**TRY IT**
In the entries that follow, find the line containing "Rolex - Gentleman's" and the line containing "Ferrari Parts Ferrari", then retype exactly the lines from the first through the second, pictures excluded.

**WORKING DATA**
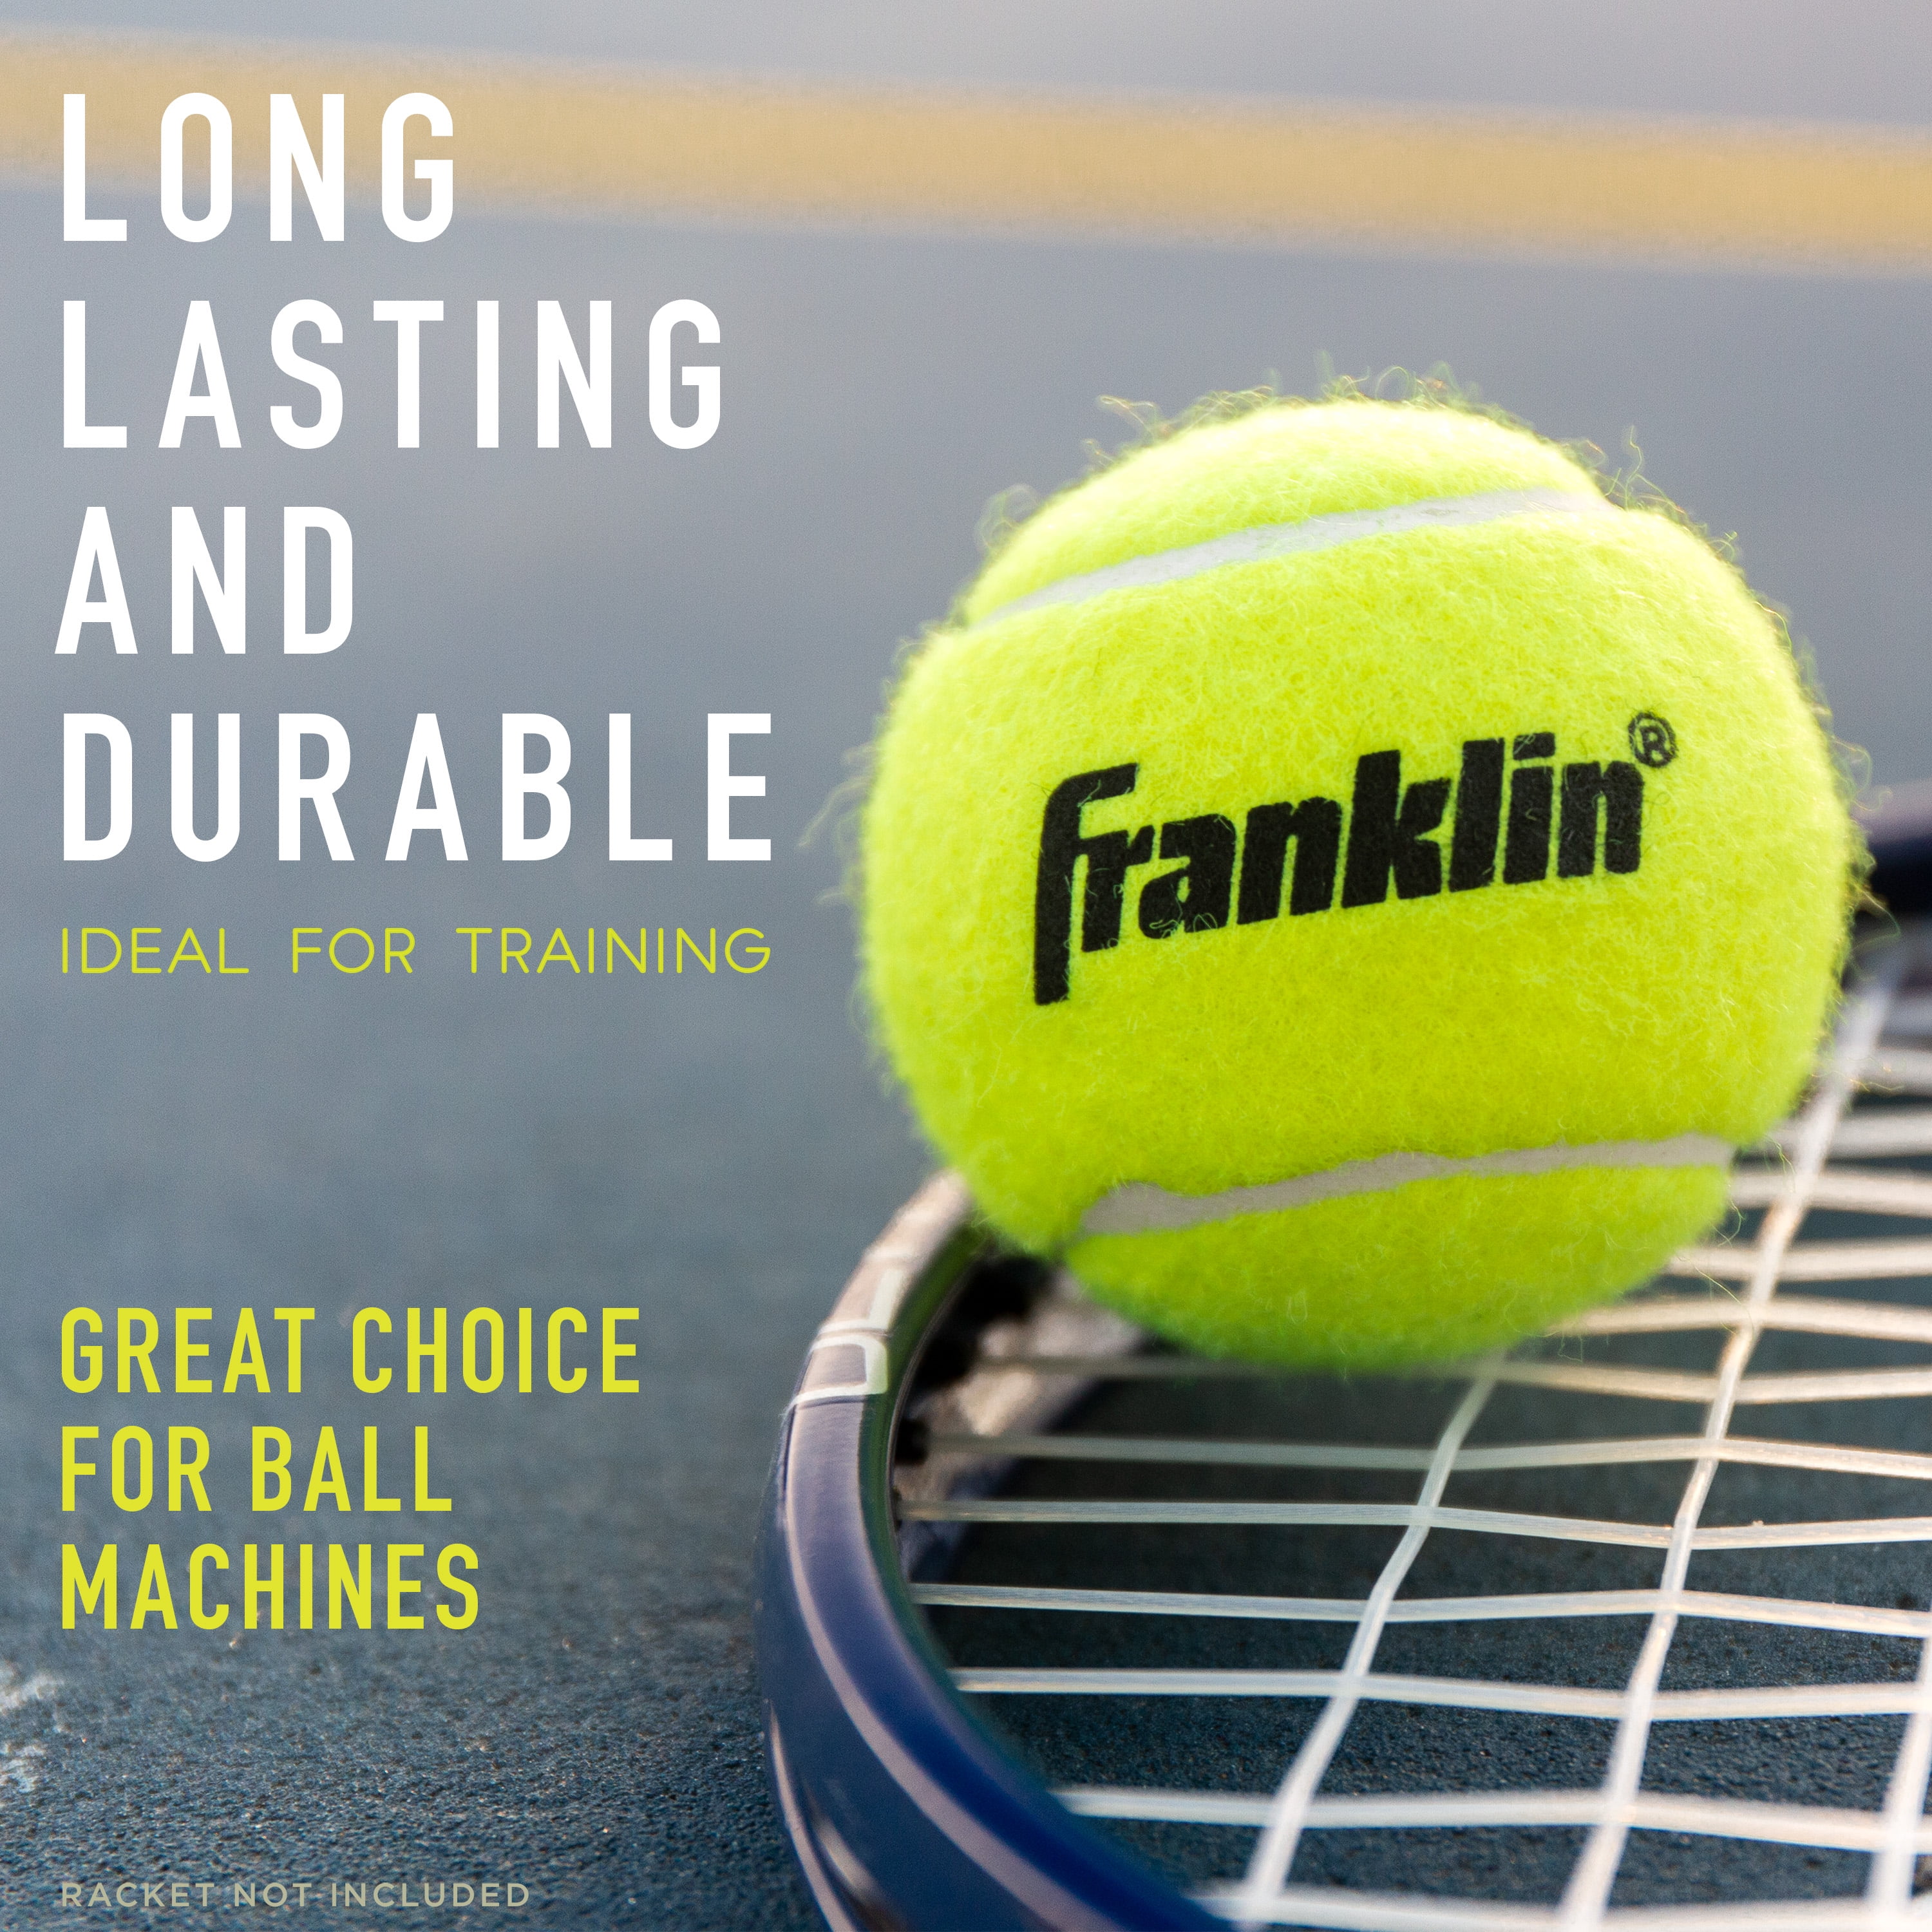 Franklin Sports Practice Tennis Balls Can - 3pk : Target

...

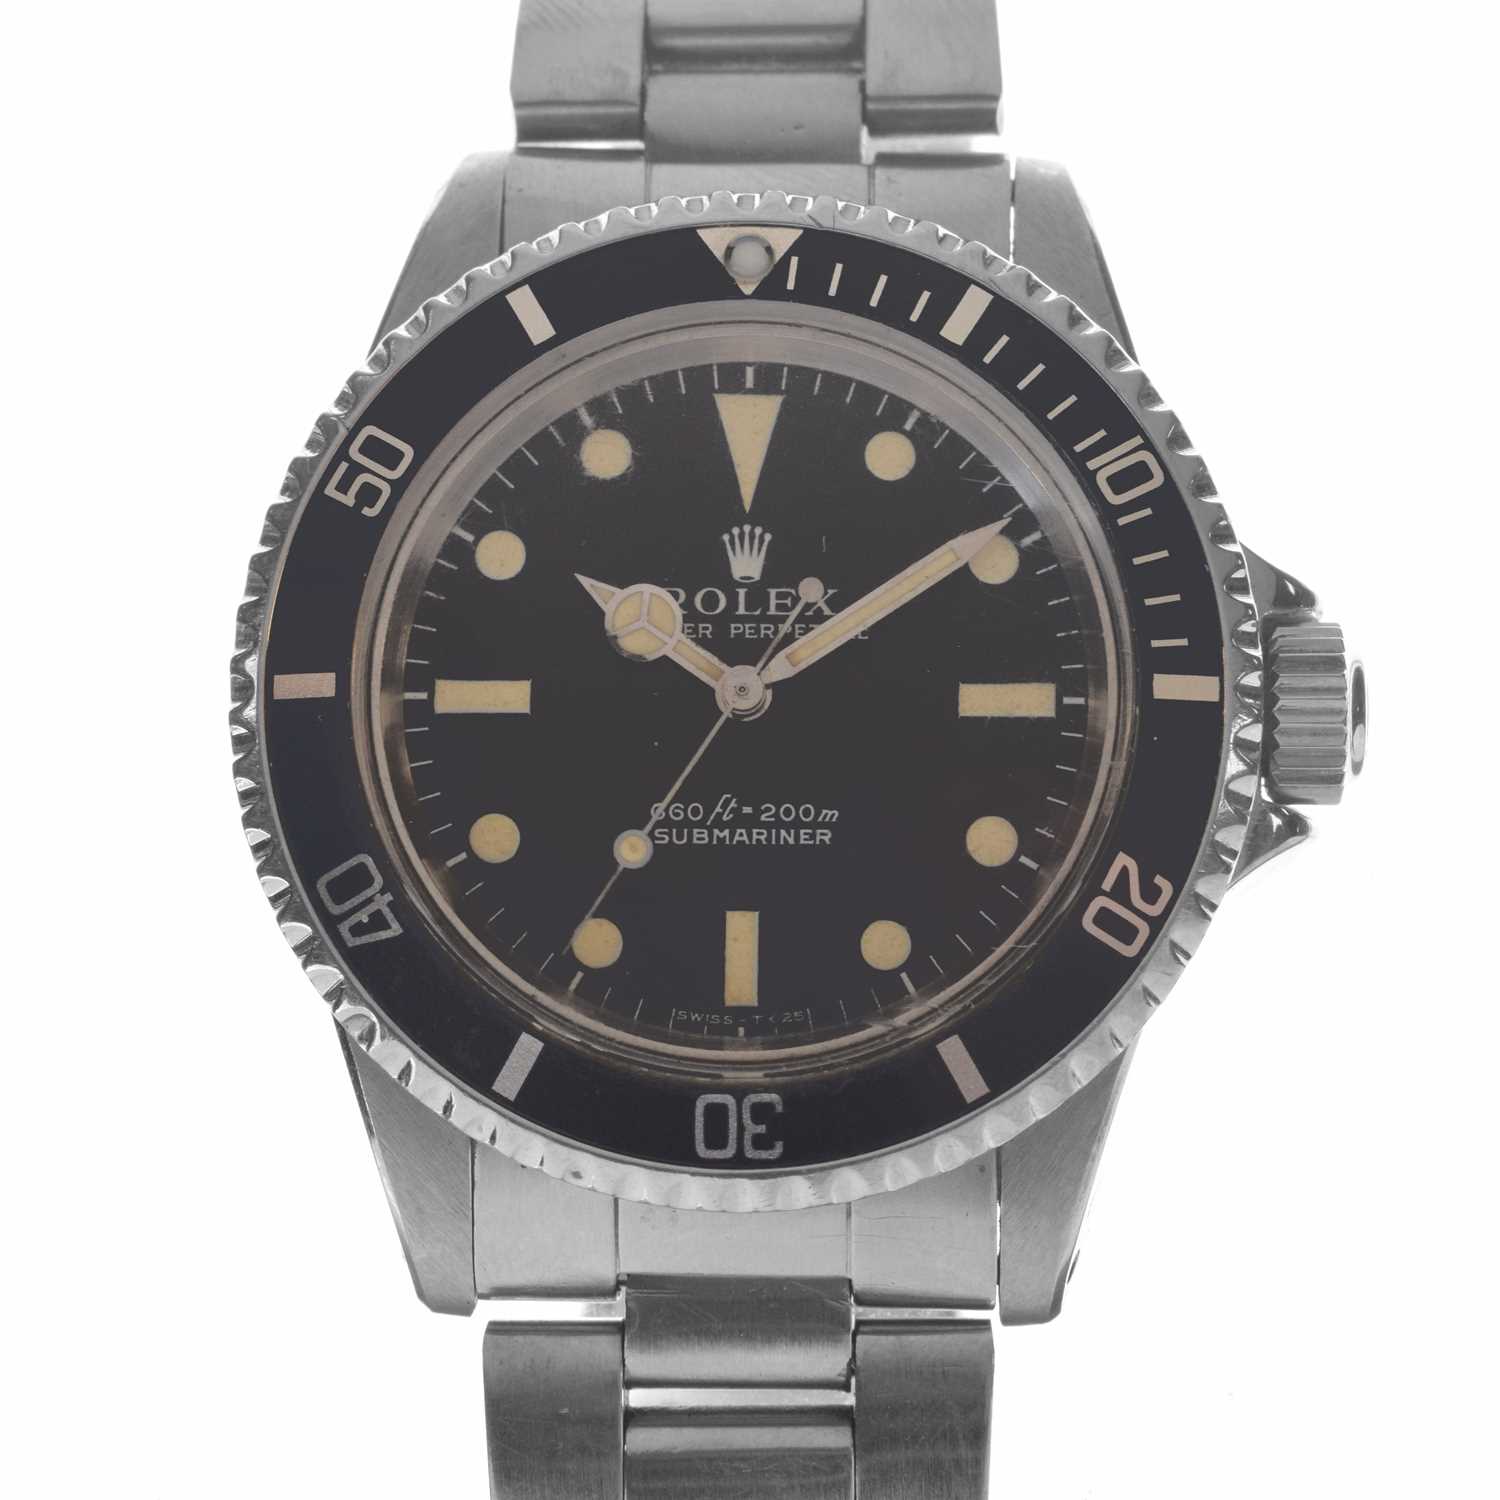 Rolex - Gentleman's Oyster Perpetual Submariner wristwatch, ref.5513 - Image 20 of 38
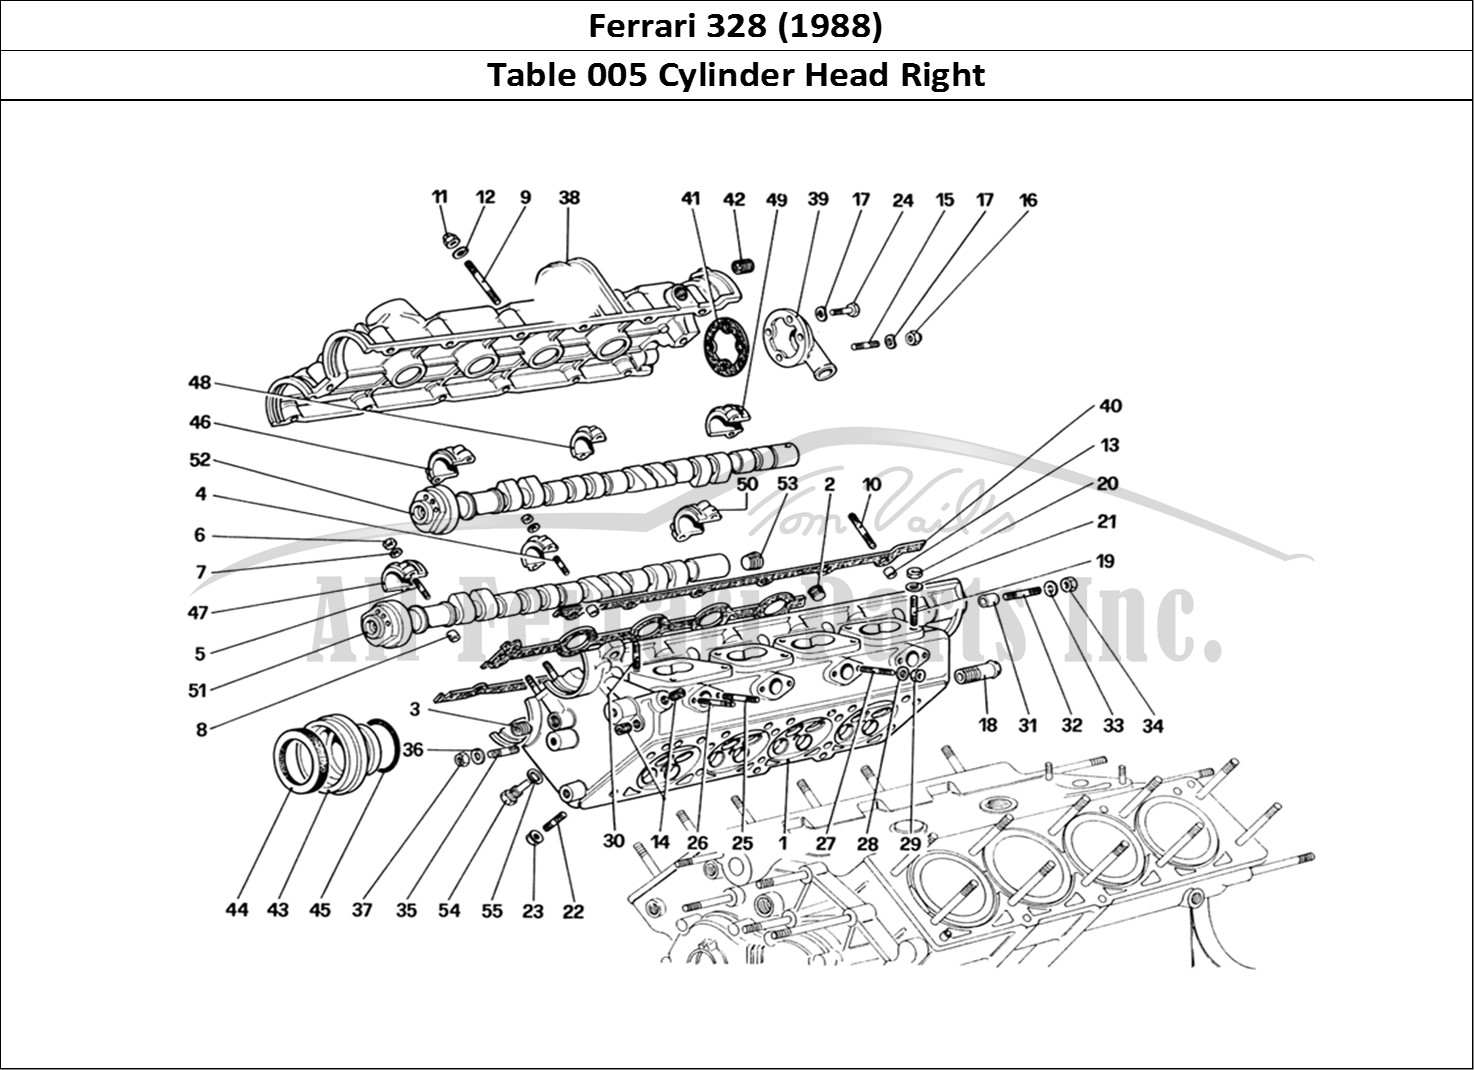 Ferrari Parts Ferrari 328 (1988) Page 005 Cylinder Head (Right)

--

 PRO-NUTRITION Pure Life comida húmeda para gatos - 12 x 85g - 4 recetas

**RESPONSE AREA**
 Rolex - Gentleman's Oyster Perpetual Submariner wristwatch, ref.5513 - Image 20 of 38
 Ferrari Parts Ferrari 328 (1988) Page 005 Cylinder Head (Right)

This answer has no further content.